Я медленно прошла мимо домика, разглядывая его со всех сторон. Потом прошла ещё раз.
Когда я отошла от домишки, у его калитки остановилась иномарка, вылез плотный, в кожаной куртке молодой человек, и направился к Андрею. Я пошла ещё медленнее, стараясь ничего не пропустить. На моё счастье на другой стороне улицы  я увидела магазинчик, который не заметила раньше, ведь всё моё внимание было приковано к дому, куда вошёл Андрей. Я ринулась туда.

В магазине, кроме продавщицы, были ещё три человека. Это даже лучше для меня, я имела возможность, делая вид, что ожидаю своей очереди, наблюдать через окно за калиткой домика Чижова.
- О, опять братки явились за данью, - промолвил пожилой мужчина, за которым я заняла очередь. – Совсем замучили парня, всё отбирают, что ему удаётся набрать за день.
- Ему надо устроиться на работу, тогда он избавиться от этих пиявок, - ответила ему молодая женщина, расплачиваясь за  покупки с продавцом.
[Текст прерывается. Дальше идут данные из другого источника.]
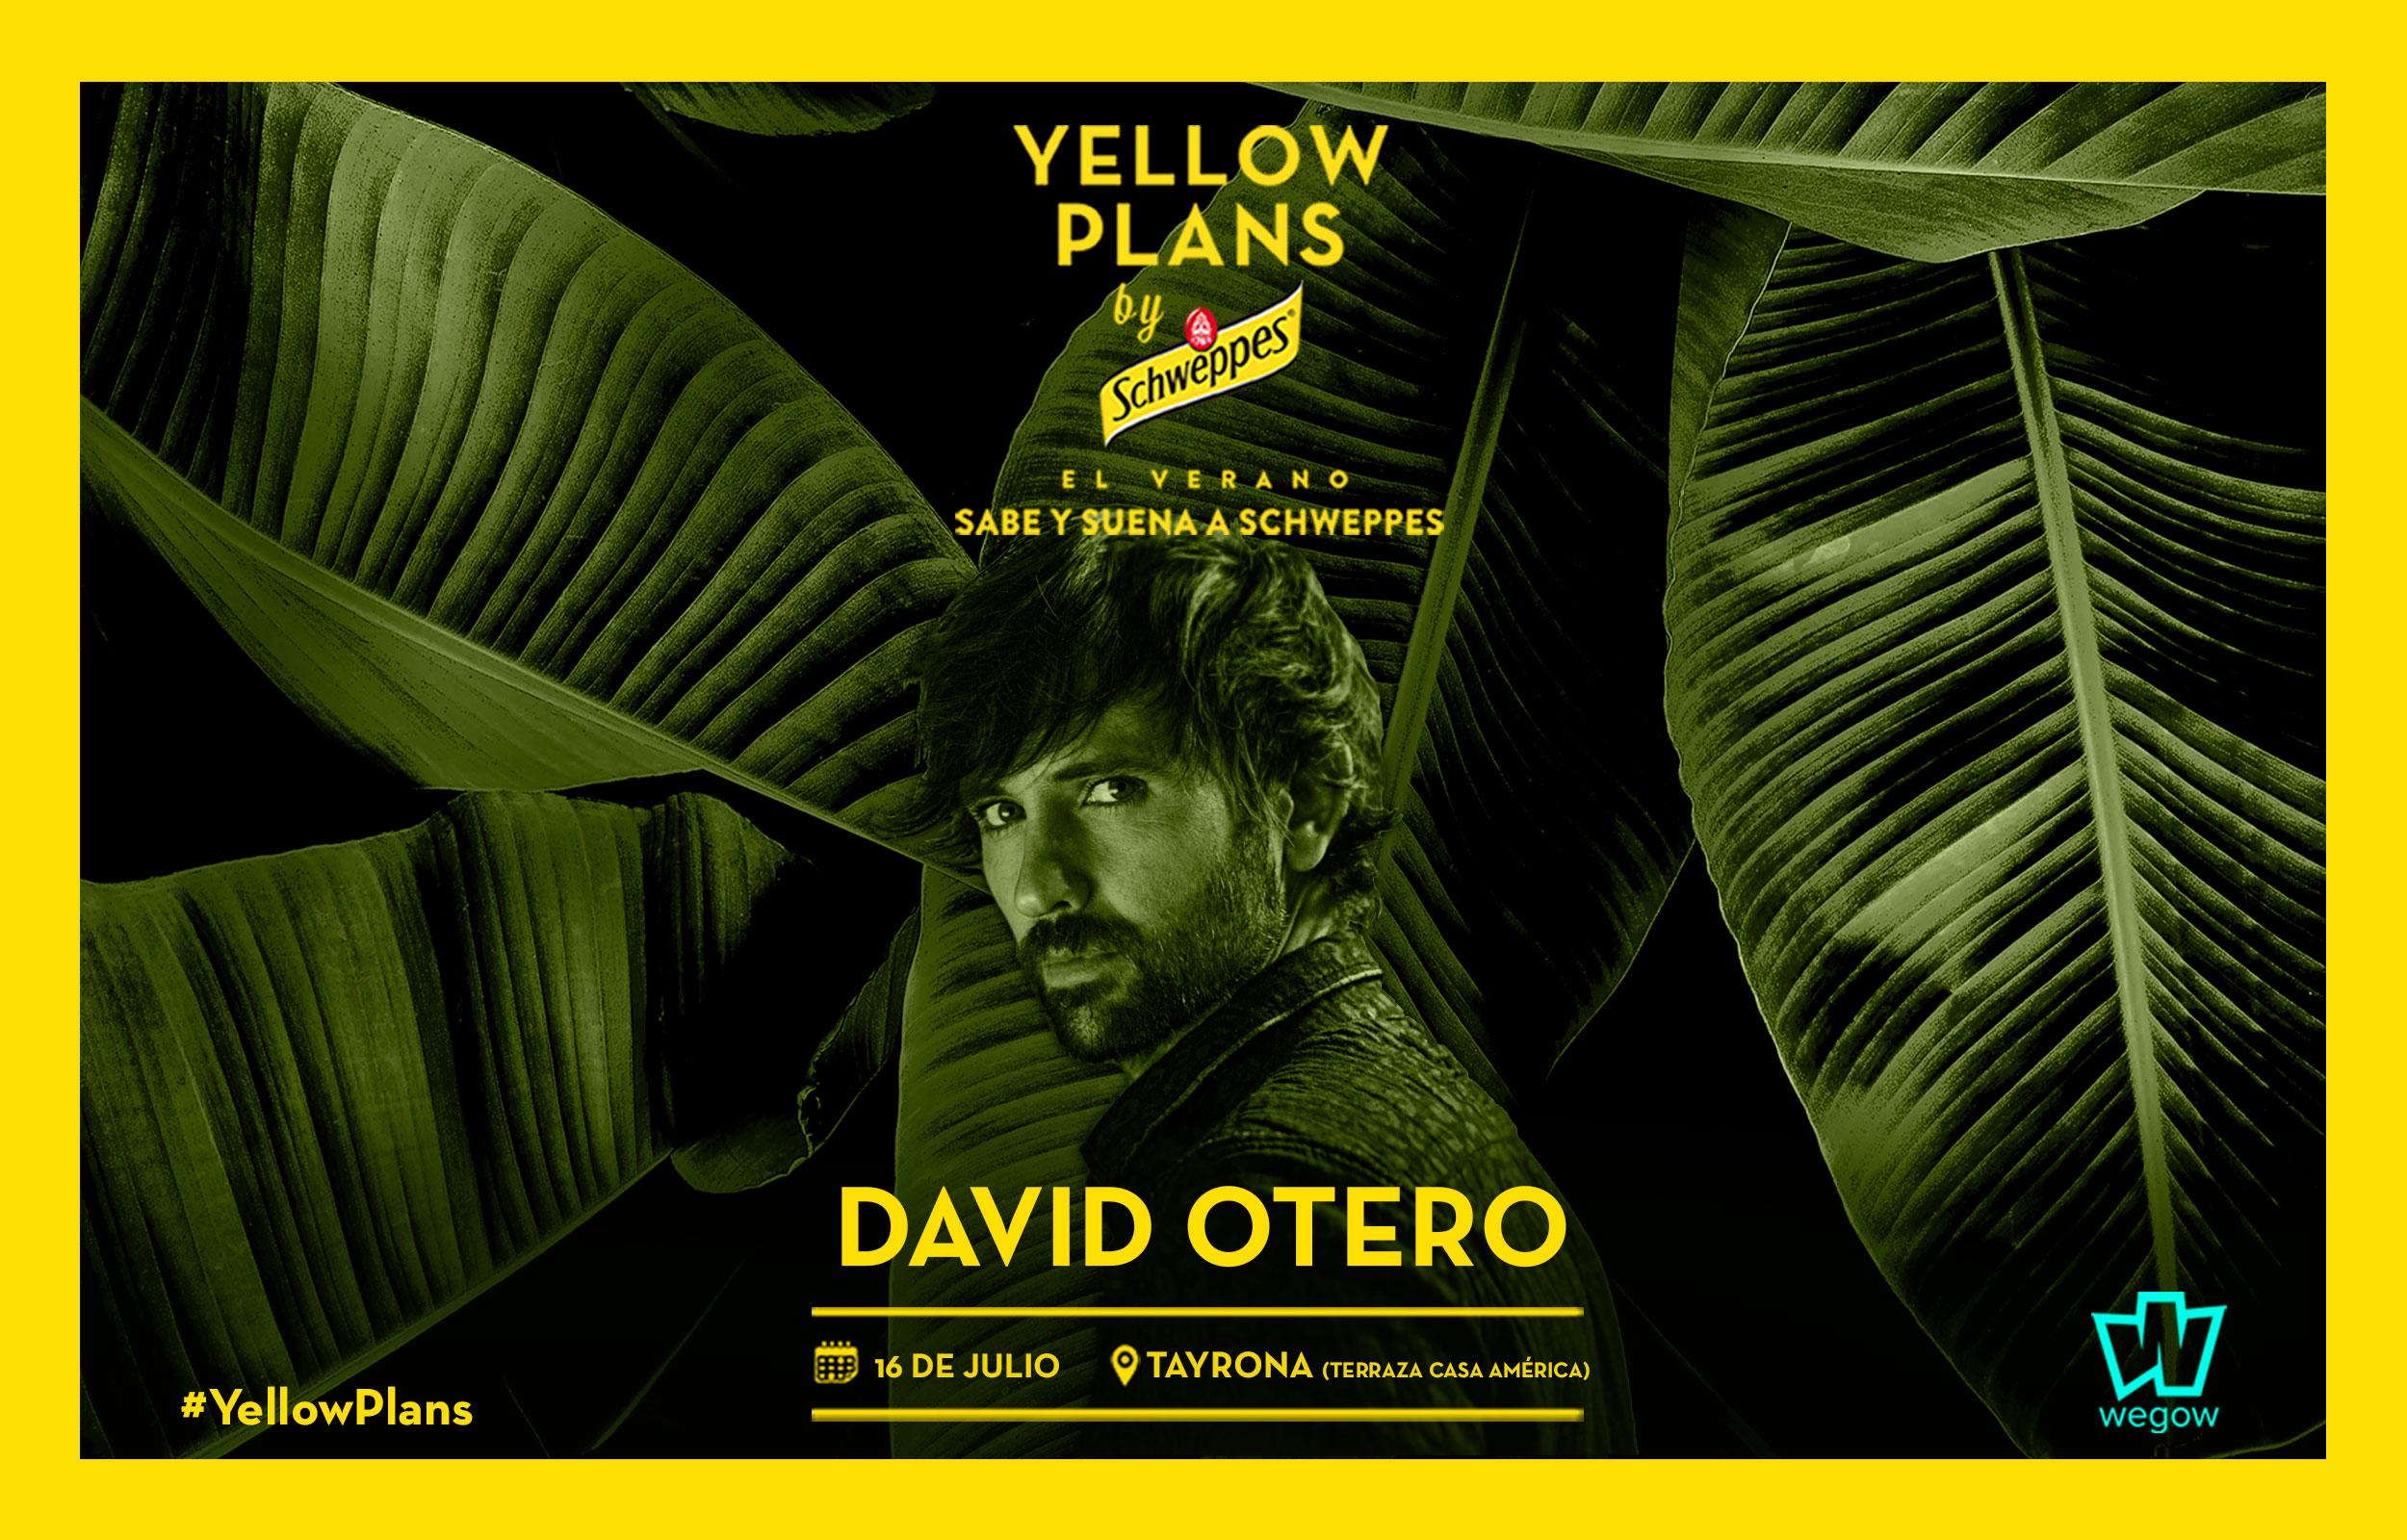 David Otero Concert Tickets For Tayrona Madrid Tuesday 16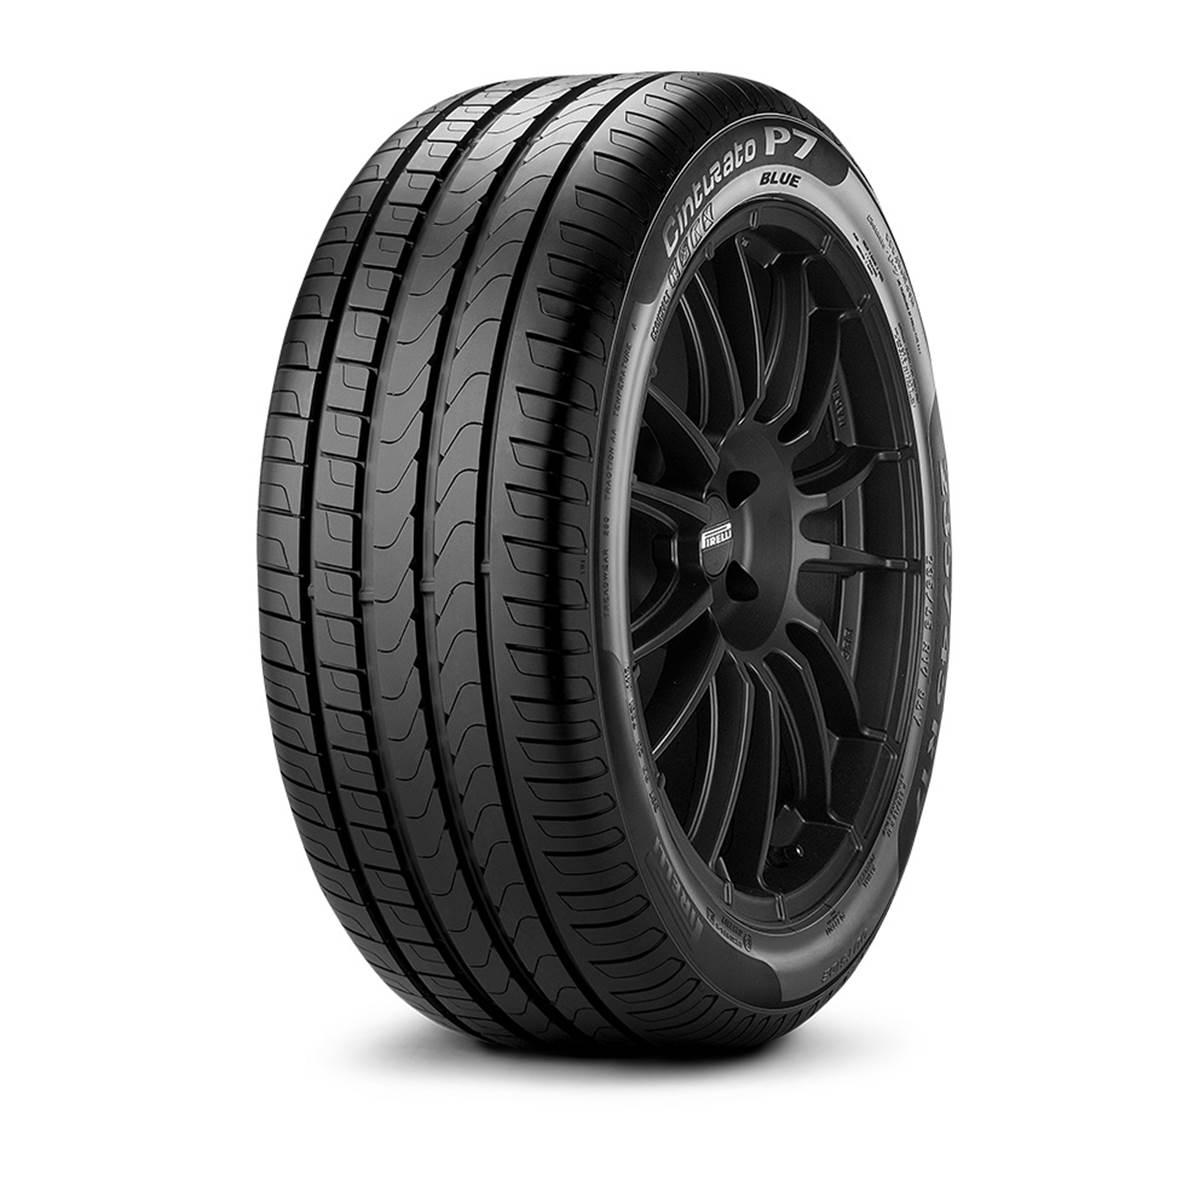 Pneu Pirelli 245/40R18 97Y Cinturato P7 Blue XL

- Я уж говорил ему об этом, - ответил пожилой мужчина, - да только это бесполезно. У него нет документов, да и эти уроды от него не отстанут, не позволят ему уйти от  них. Тут надо что-то другое придумать.
- Да что тут придумаешь, если у него никого нет, кто бы мог заступиться за мужика! – воскликнула женщина. – Я по-соседски подкармливаю его, но не могу же взять его на постой! А у него совсем плохие дела, нога гниёт, посинела. Как бы гангрена не пошла. Тогда совсем он не жилец. Его надо обмыть, да в больницу отвезти, питание улучшить, тогда его ещё можно выходить. Он сам отказывается обращаться к врачу, говорит, что без документов там нечего делать.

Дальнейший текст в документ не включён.